Cercava le talpe di Report ma è costretto a dimettersi. Cade la prima teste al Garante della Privacy dopo l'agitazione del personale dell'Autorità, finita nel mirino di Report dopo la maxi sanzione da 150mila euro alla Rai per un audio rubato fra l'ex ministro Gennaro Sangiuliano e la moglie, oggetto di un'indagine per violazione della privacy. La «colpa» dell'ormai ex segretario generale Angelo Fanizza (indicato il 29 luglio scorso e formalizzato lo scorso 10 ottobre) è quella di aver chiesto i dati delle posta elettronica, i documenti, gli accessi di tutti. A che scopo? Scoprire i dipendenti infedeli che avrebbero rivelato documenti interni al Garante, come mail e messaggi del consigliere in quota Fdi Agostino Ghiglia, di cui la trasmissione di Sigfrido Ranucci si è servito per «mascariare» l'ex senatore An e rivelare il suo incontro con Arianna Meloni nella sede di Fratelli d'Italia a Roma dopo l'annuncio del verdetto dell'ufficio tecnico del Garante, ma anche una serie di spese ritenute ingiustificate. «Sto andando da Arianna», il messaggio interno rivelato dalla trasmissione, sufficiente a far dire a Report che il voto favorevole di Ghiglia - ininfluente ai fini della sanzione, visto che i «Sì» erano già due su quattro, compreso quello del presidente Pasquale Stanzione, espresso dal Pd ma in rapporti con la famiglia Sica dei legali di Sangiuliano e con la Link Campus University - fosse determinato da pressioni interne alla coalizione di centrodestra.

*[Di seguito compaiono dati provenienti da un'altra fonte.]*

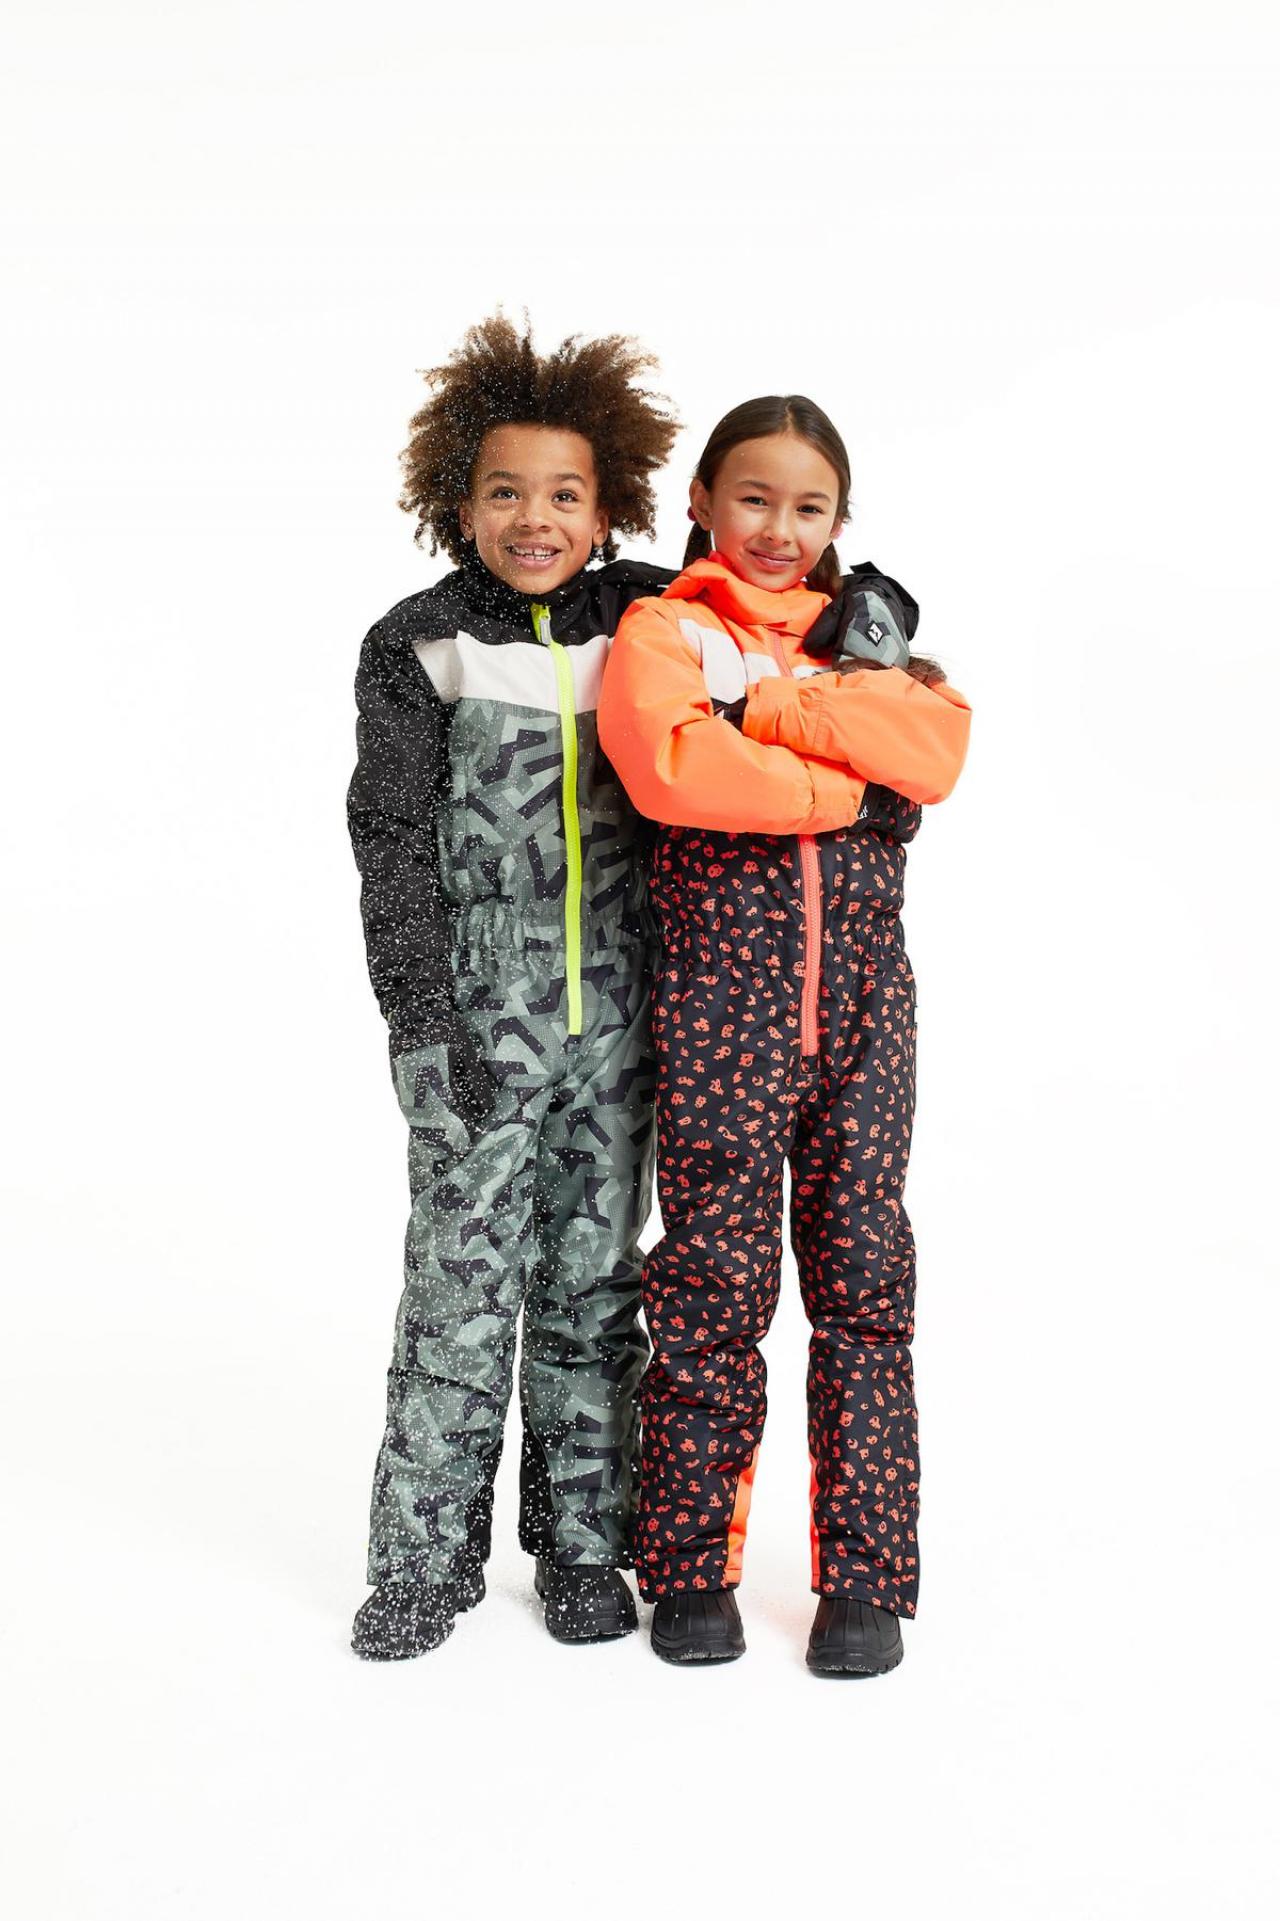 Betaalbare skioutfits voor kids, van maat 92 tot maat 176. De prijzen variëren van 12 euro voor een nekwarmer tot 90 euro voor een skipak, van We Fashion.

Un bel paradosso. Si può violare la privacy dei dipendenti del Garante della Privacy a caccia di chi ha violato la privacy del Garante? La decisione del magistrato amministrativo, già a Tar del Lazio con una sfilza di pubblicazioni, dottore di ricerca in Diritto pubblico dell'economia all'Università di Bari, dove è nato nel 1973, non era condivisa dal Garante, tanto che in serata il Collegio ha ringraziato Fanizza per il suo lavoro, ricordando che «come da suo costante orientamento giurisprudenziale, l'accesso da parte del datore di lavoro a taluni dati personali dei dipendenti relativi all'utilizzo dei sistemi informatici può costituire violazione della privacy».

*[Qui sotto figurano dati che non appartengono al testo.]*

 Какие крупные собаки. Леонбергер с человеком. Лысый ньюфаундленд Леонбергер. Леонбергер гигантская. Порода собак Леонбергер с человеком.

Come anticipato da Wired, l'assemblea del personale, furibondo con Fanizza, avrebbe chiesto all'unanimità le dimissioni dell'intero collegio, composto anche da Ginevra Cerrina Feroni (indicata dalla Lega) e Guido Scorza, considerato vicino ai Cinque Stelle a cui la sinistra rimprovera il ruolo di ex socio nello studio legale E-Lex (da lui fondato nel 2011) a cui si sarebbero rivolte una dozzina di aziende pubbliche e private interessate da provvedimenti incardinati davanti al Garante.
L'opposizione, che da settimane chiede l'azzeramento dei vertici, è insorta: «Cosa deve ancora succedere per convincere il Collegio a fare un passo indietro e salvare quello che rimane del prestigio di questa importante istituzione?», si è chiesta Elisabetta Piccolotti di Avs, secondo cui «servono nuove norme per la nomina del componenti che prevedano l'immediata decadenza dell'attuale collegio». «Prima vanno via, meglio è. L'istituzione ha perso credibilità e autorevolezza, travolta da polemiche, accuse di contiguità politica e tensioni interne», rincara la dose l'europarlamentare Pd Sandro Ruotolo.
«La questione non può essere insabbiata, quando perfino il personale interno denuncia opacità, conflitti di interesse e una gestione incapace di tutelarne la credibilità, l'unica risposta sensata è un passo indietro», afferma il capogruppo M5S in commissione di vigilanza Rai Dario Carotenuto. Di «gravità inaudita» parla anche la grillina Dolores Bevilacqua della Vigilanza Rai, che chiede al premier Giorgia Meloni «di non restare più in silenzio».